Retype each line of the material exactly, please, skipping any picture in it.

Given information:
◇ ◇ ◇ ◇
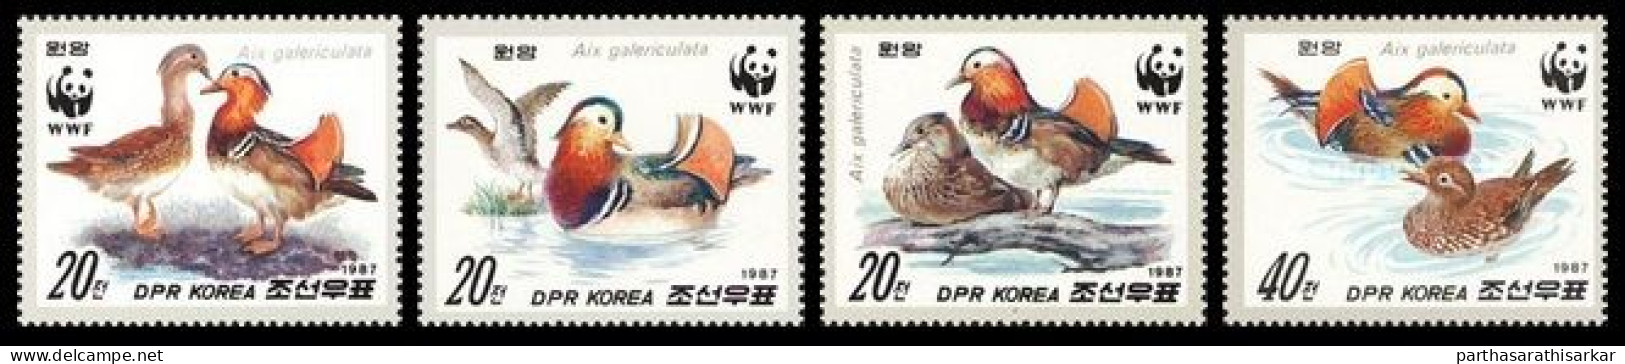 NORTH KOREA 1987 WWF WORLD NATURE CONSERVATION MANDARIN DUCKS COMPLETE SET MNH - Neufs
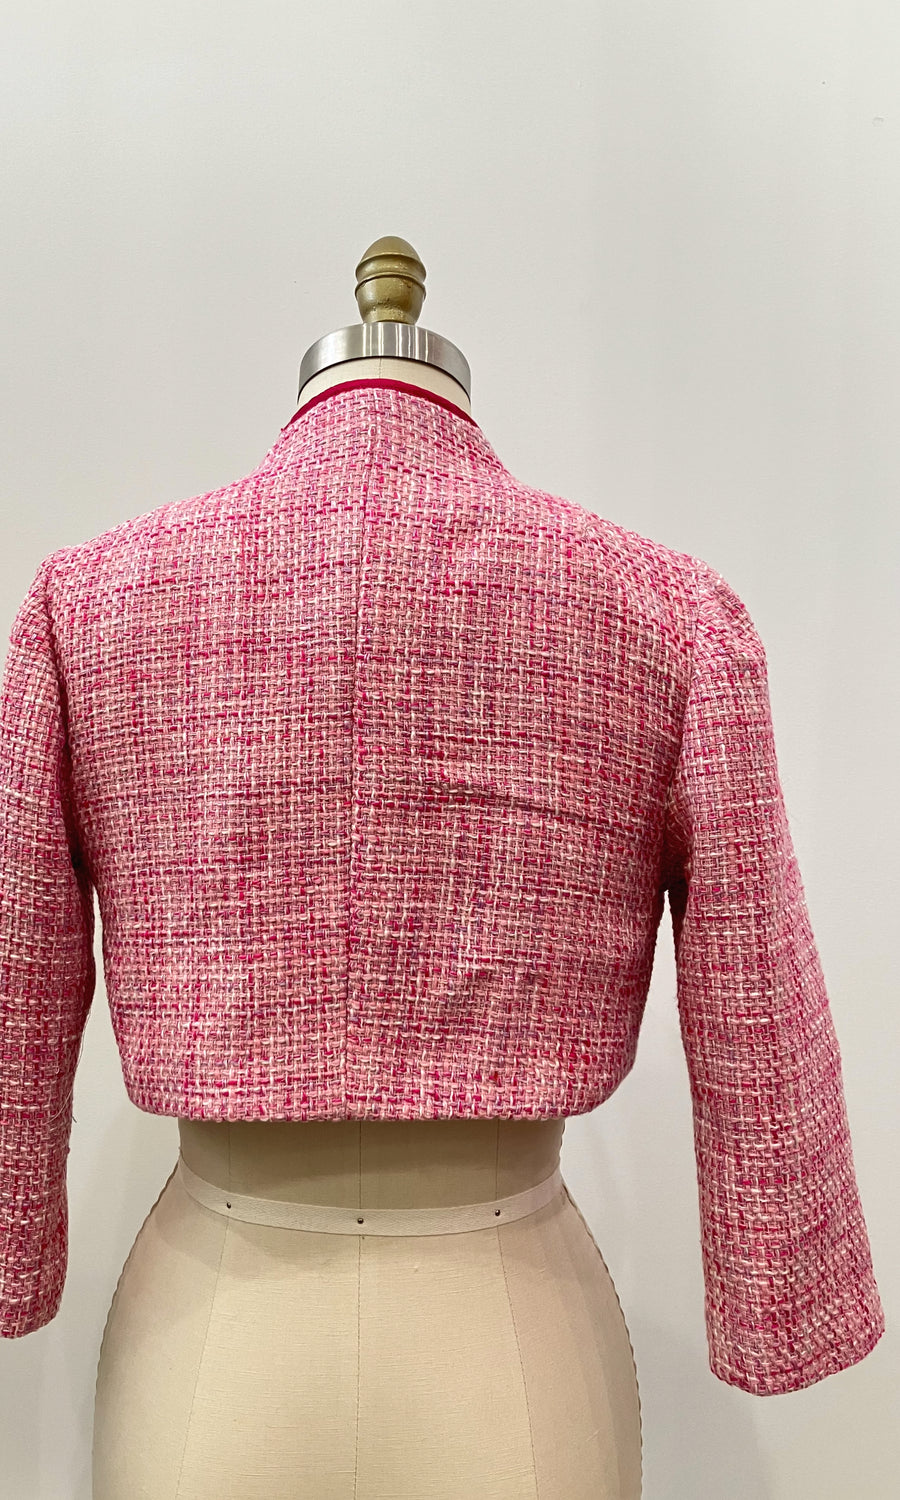 Pink Tweed Crop Jacket, size Small
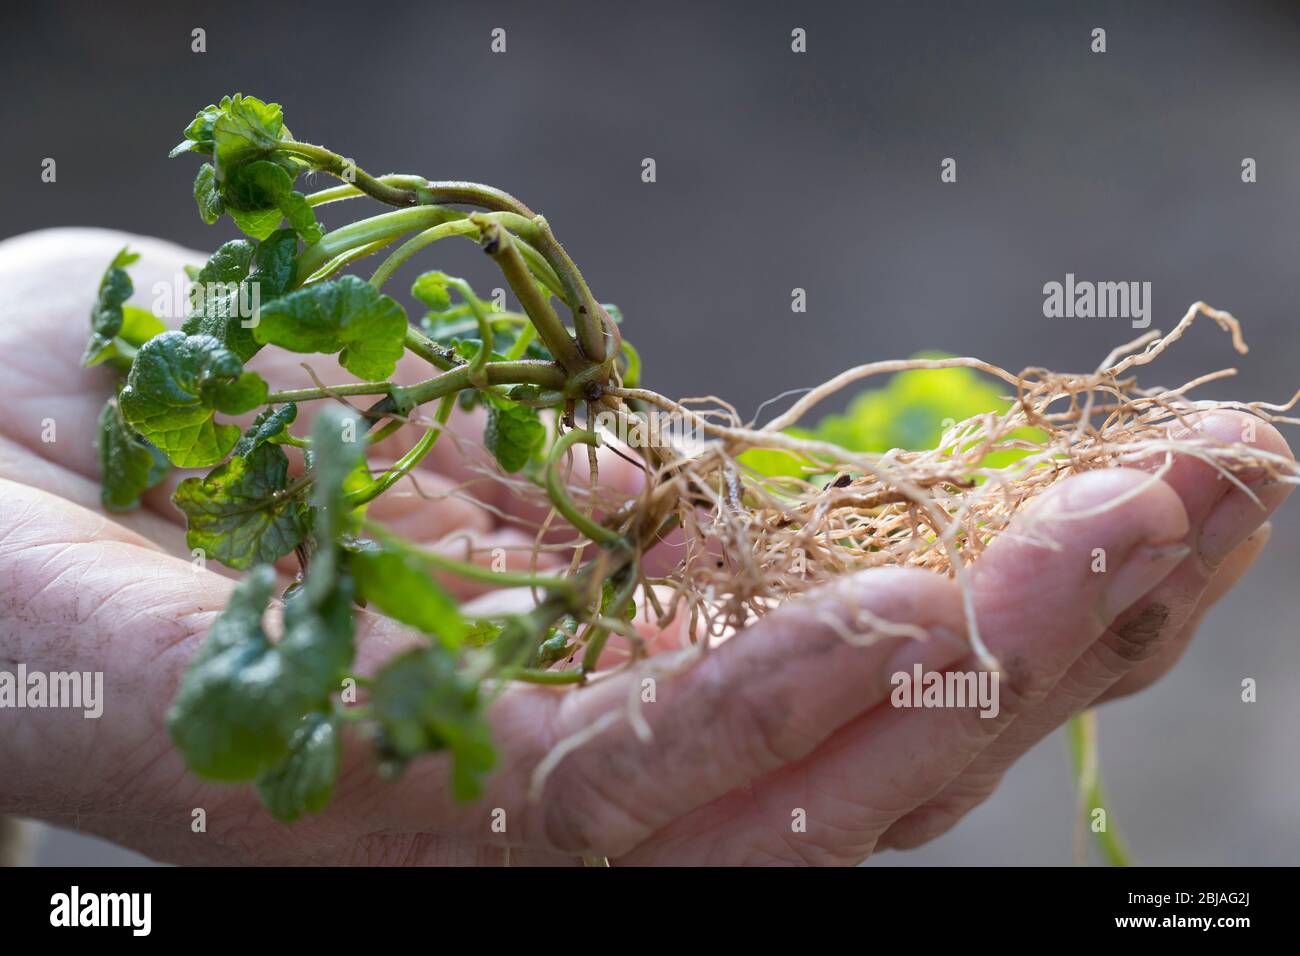 gill-over-the-ground, Ground Efeu (Glechoma hederacea), Roots, Deutschland Stockfoto
◇ ◇ ◇ ◇
Answer area:
 NORTH KOREA 1987 WWF WORLD NATURE CONSERVATION MANDARIN DUCKS COMPLETE SET MNH - Neufs
 Pink Tweed Crop Jacket, size Small
 gill-over-the-ground, Ground Efeu (Glechoma hederacea), Roots, Deutschland Stockfoto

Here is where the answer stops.